**Data segment:**

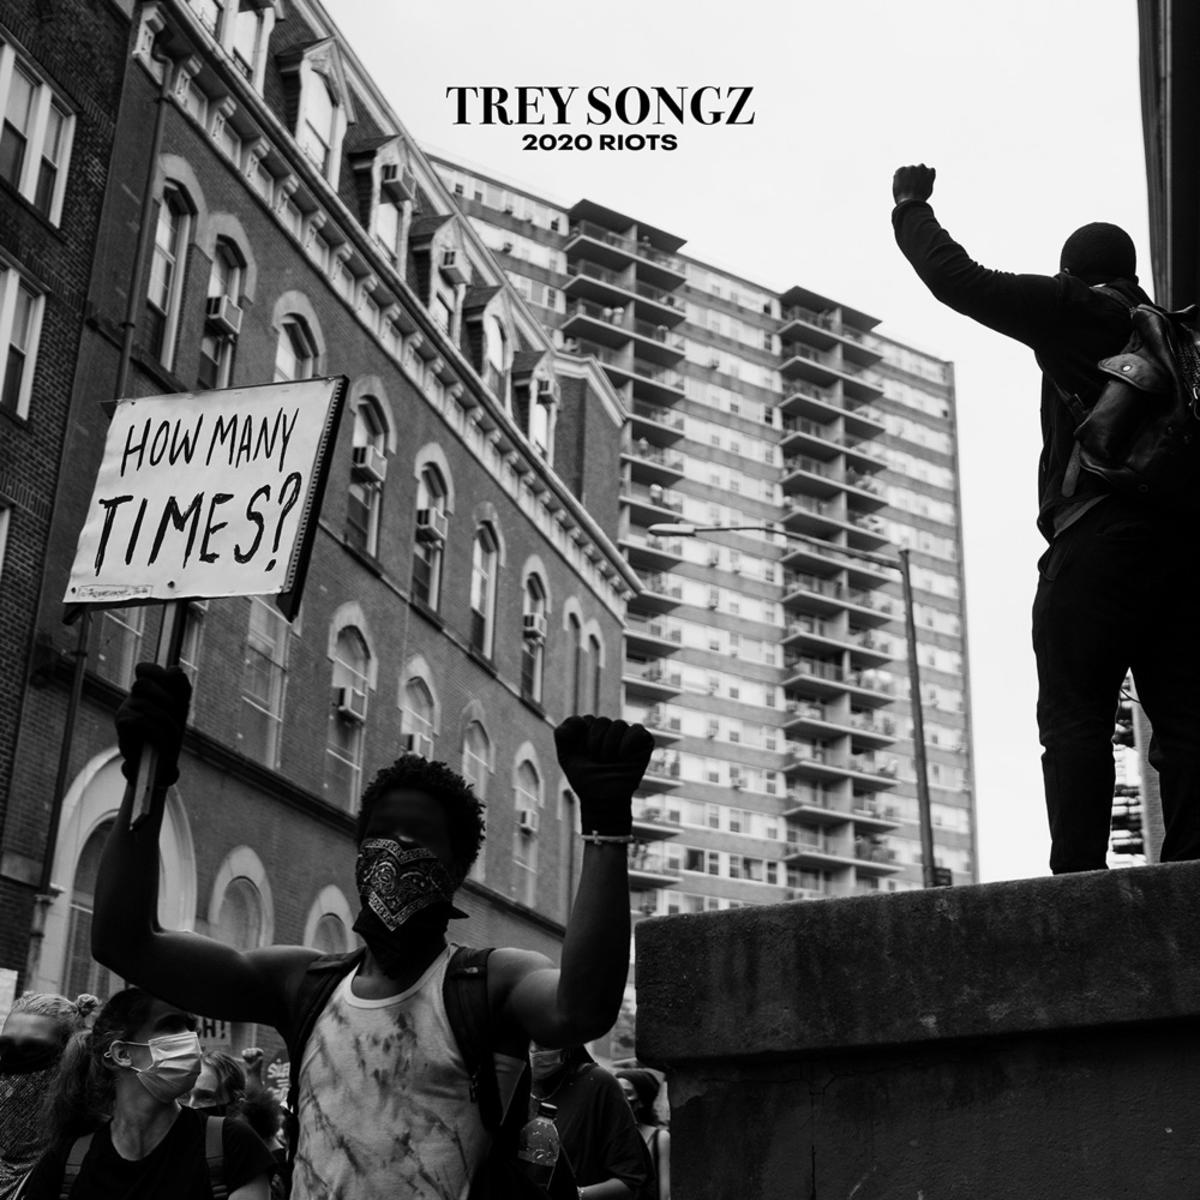 Trey Songz Releases The Very Powerful “2020 Riots: How Many Times”
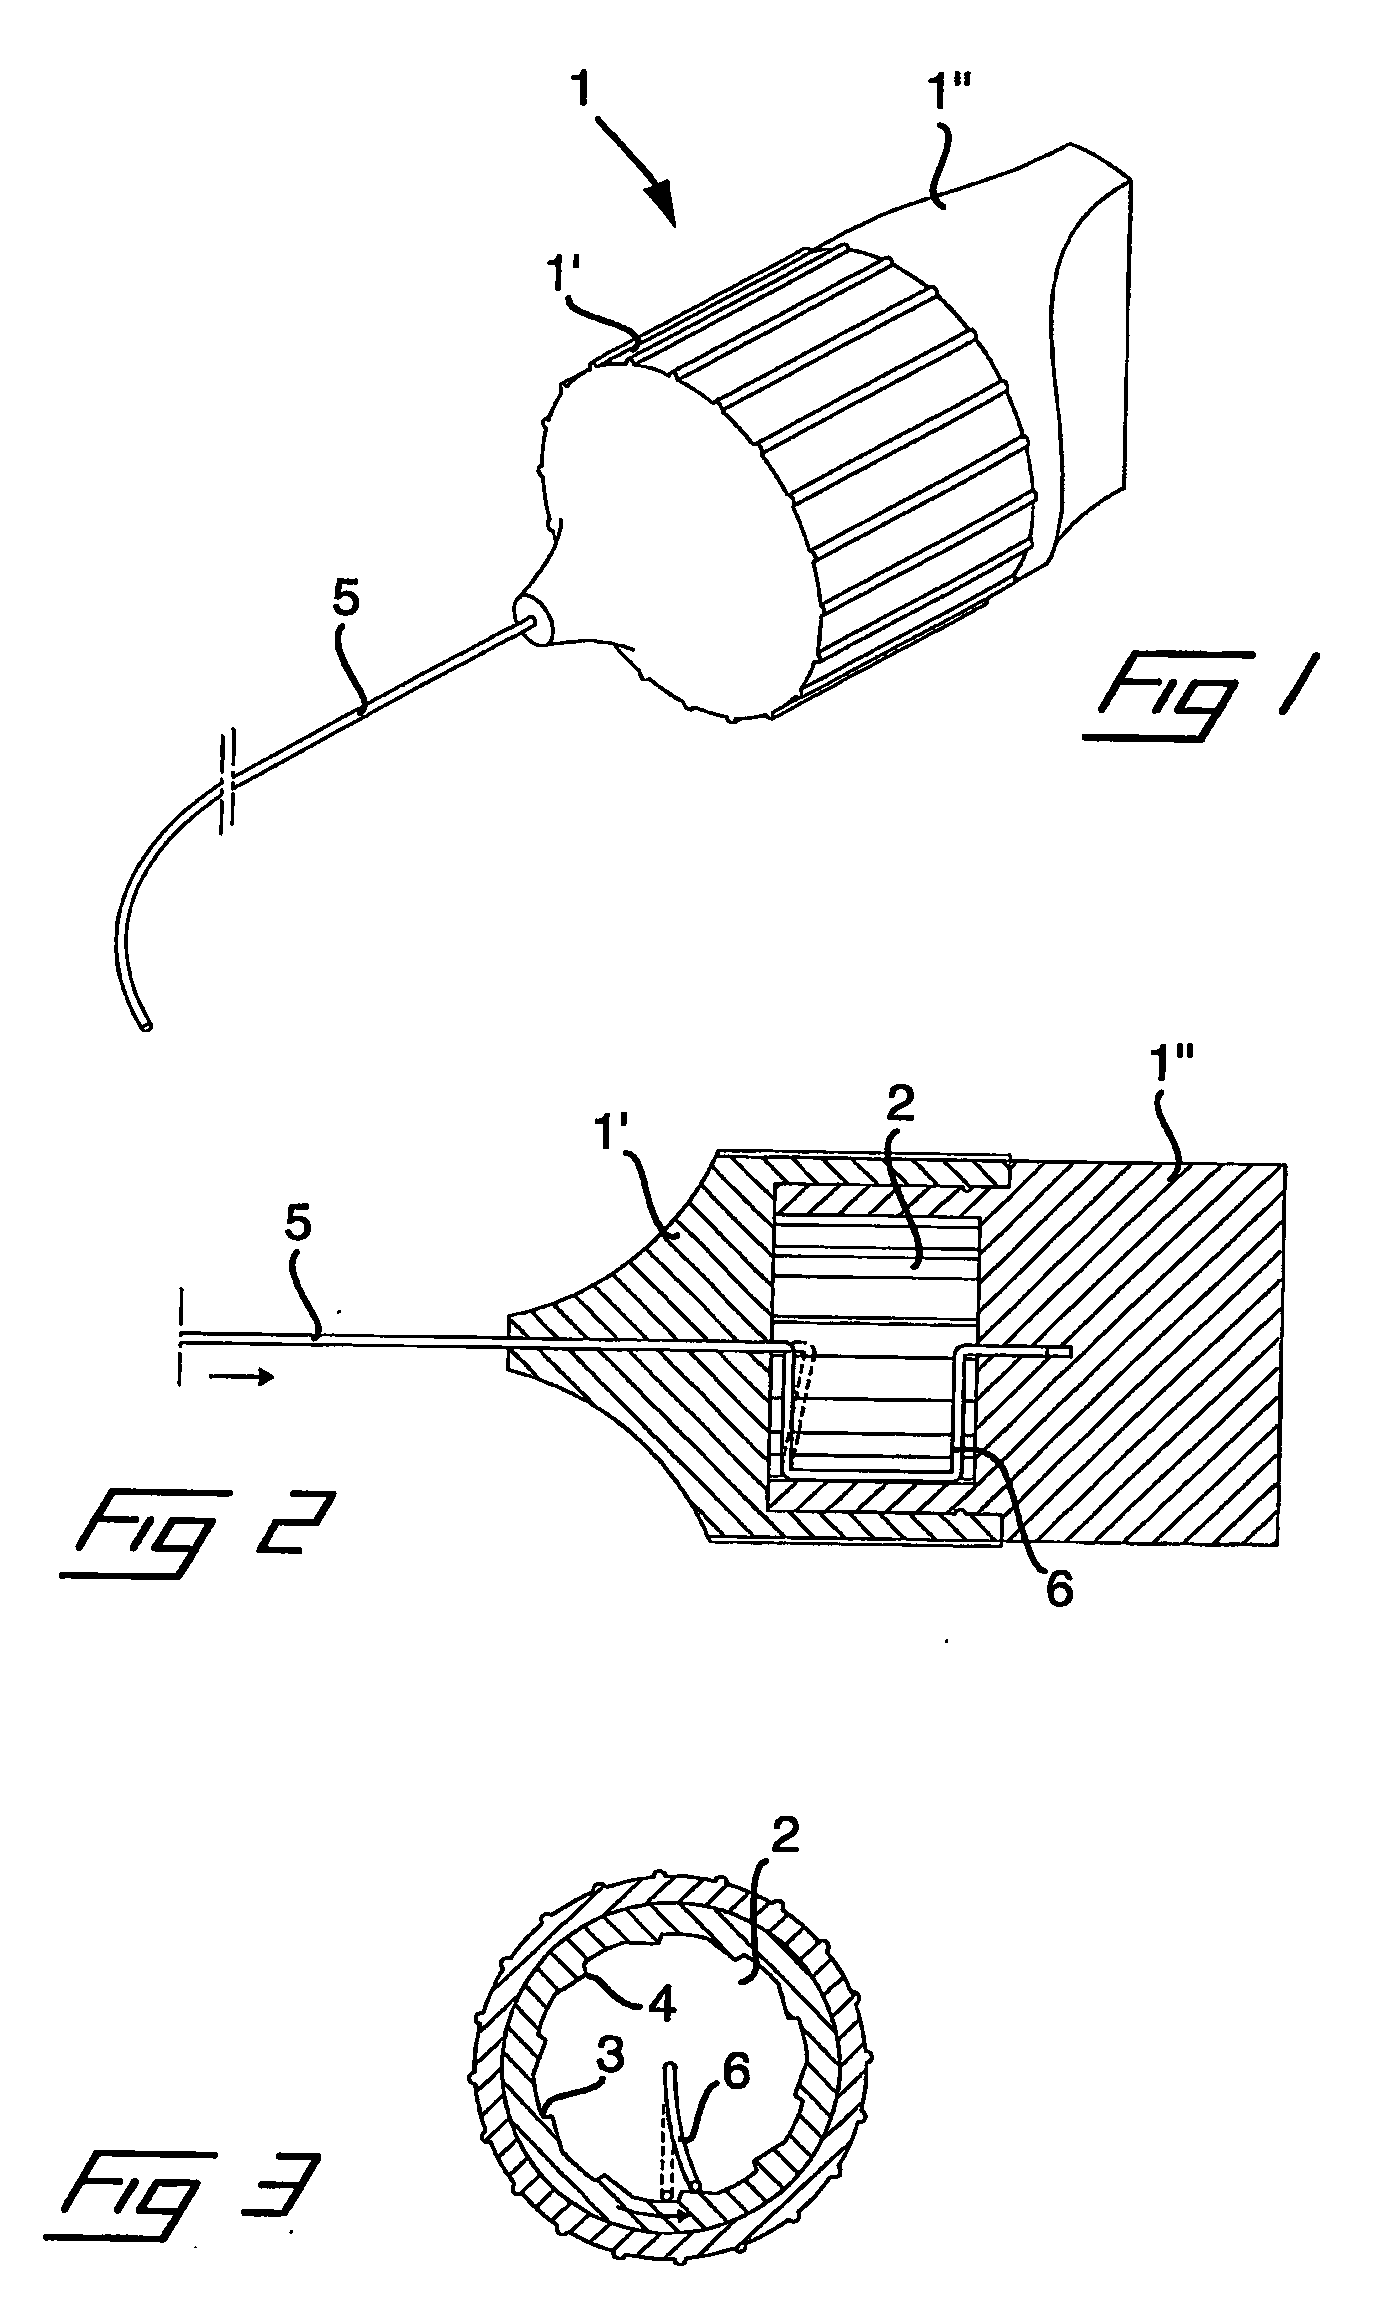 Tool and a Method for Attaching a Cardiac Stimulator Lead at a Desired Position Inside a Heart
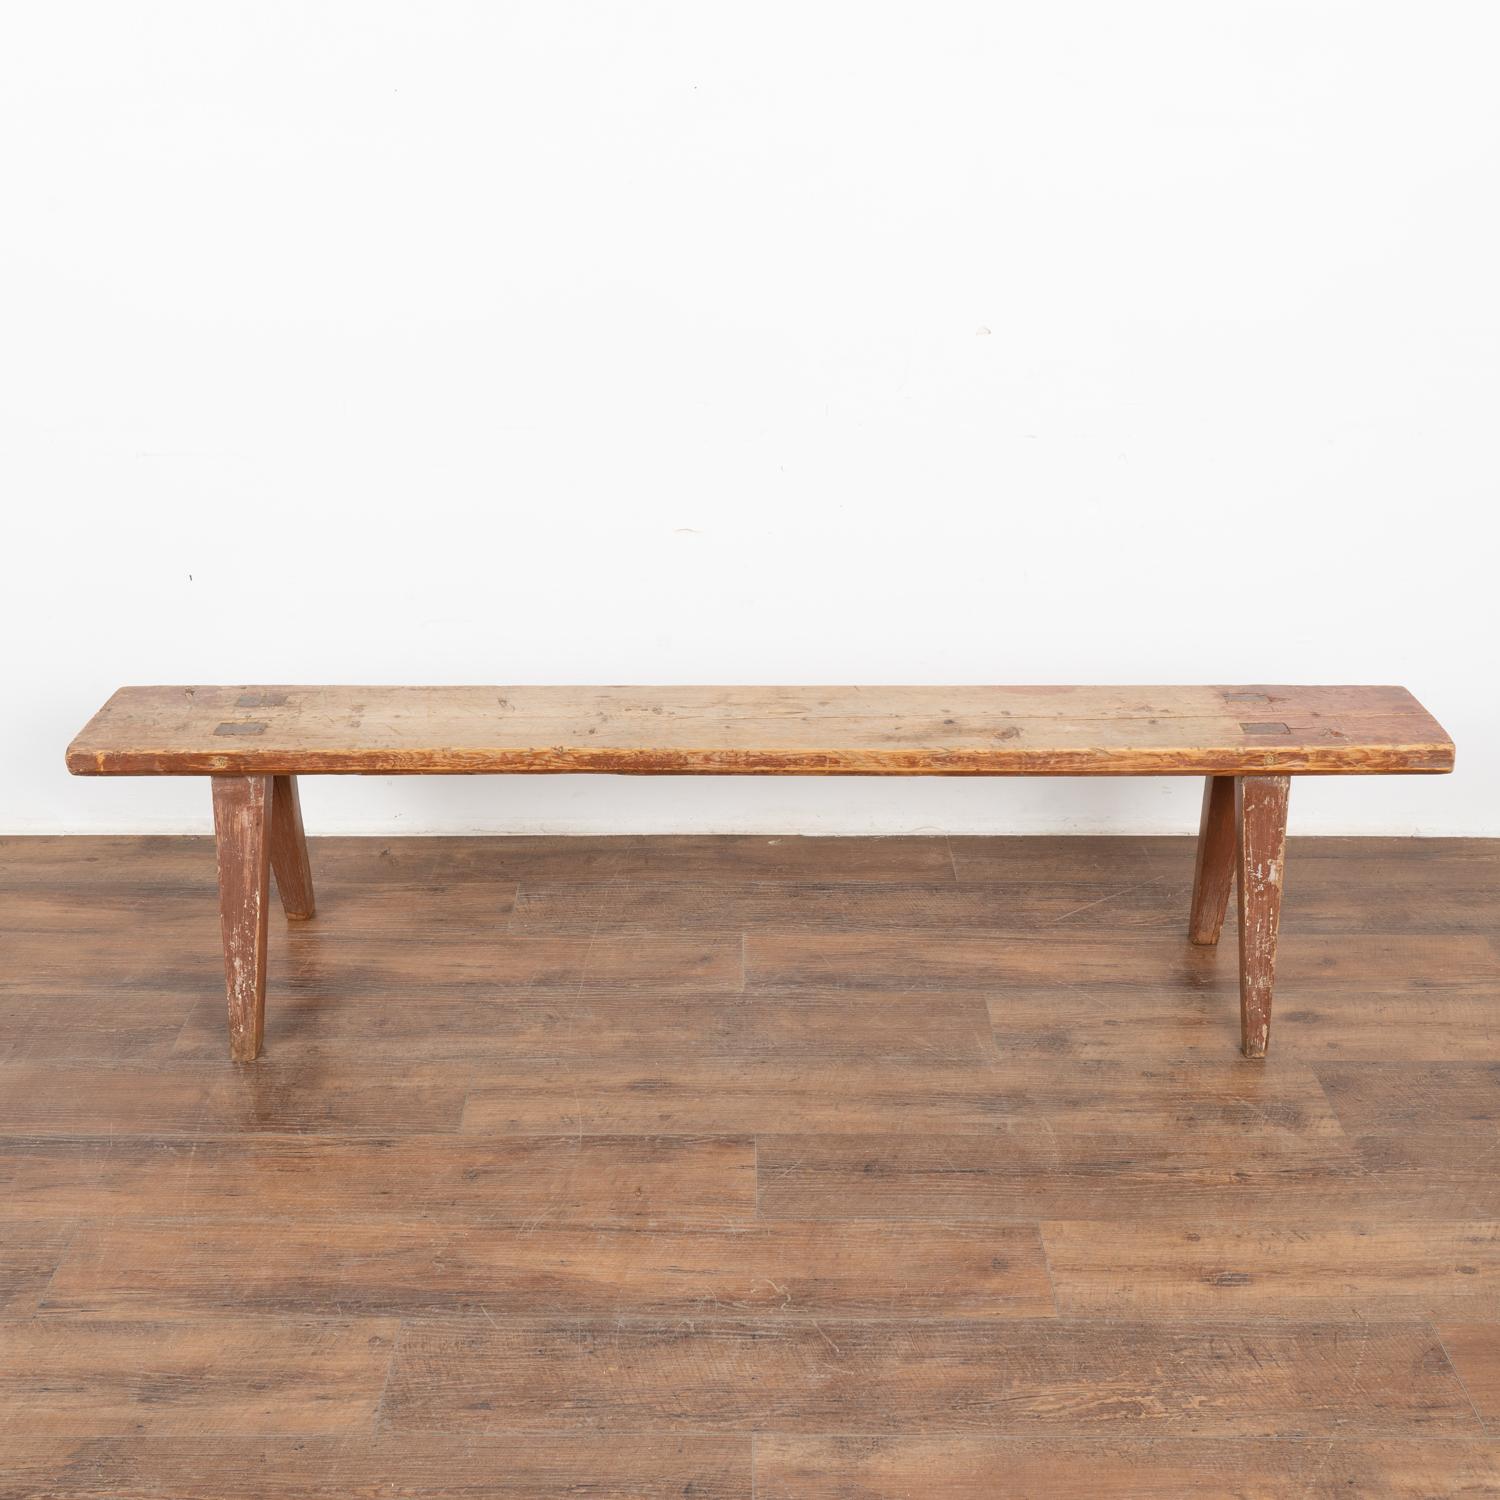 Country Long Painted Pine Bench from Sweden, circa 1890 For Sale

**What to produce:** Your answer must be the lines from the one containing "Tool and a Method" through the last line of the listing above, restated word for word, with no pictures.

**Result below:**
 Tool and a Method for Attaching a Cardiac Stimulator Lead at a Desired Position Inside a Heart
 Country Long Painted Pine Bench from Sweden, circa 1890 For Sale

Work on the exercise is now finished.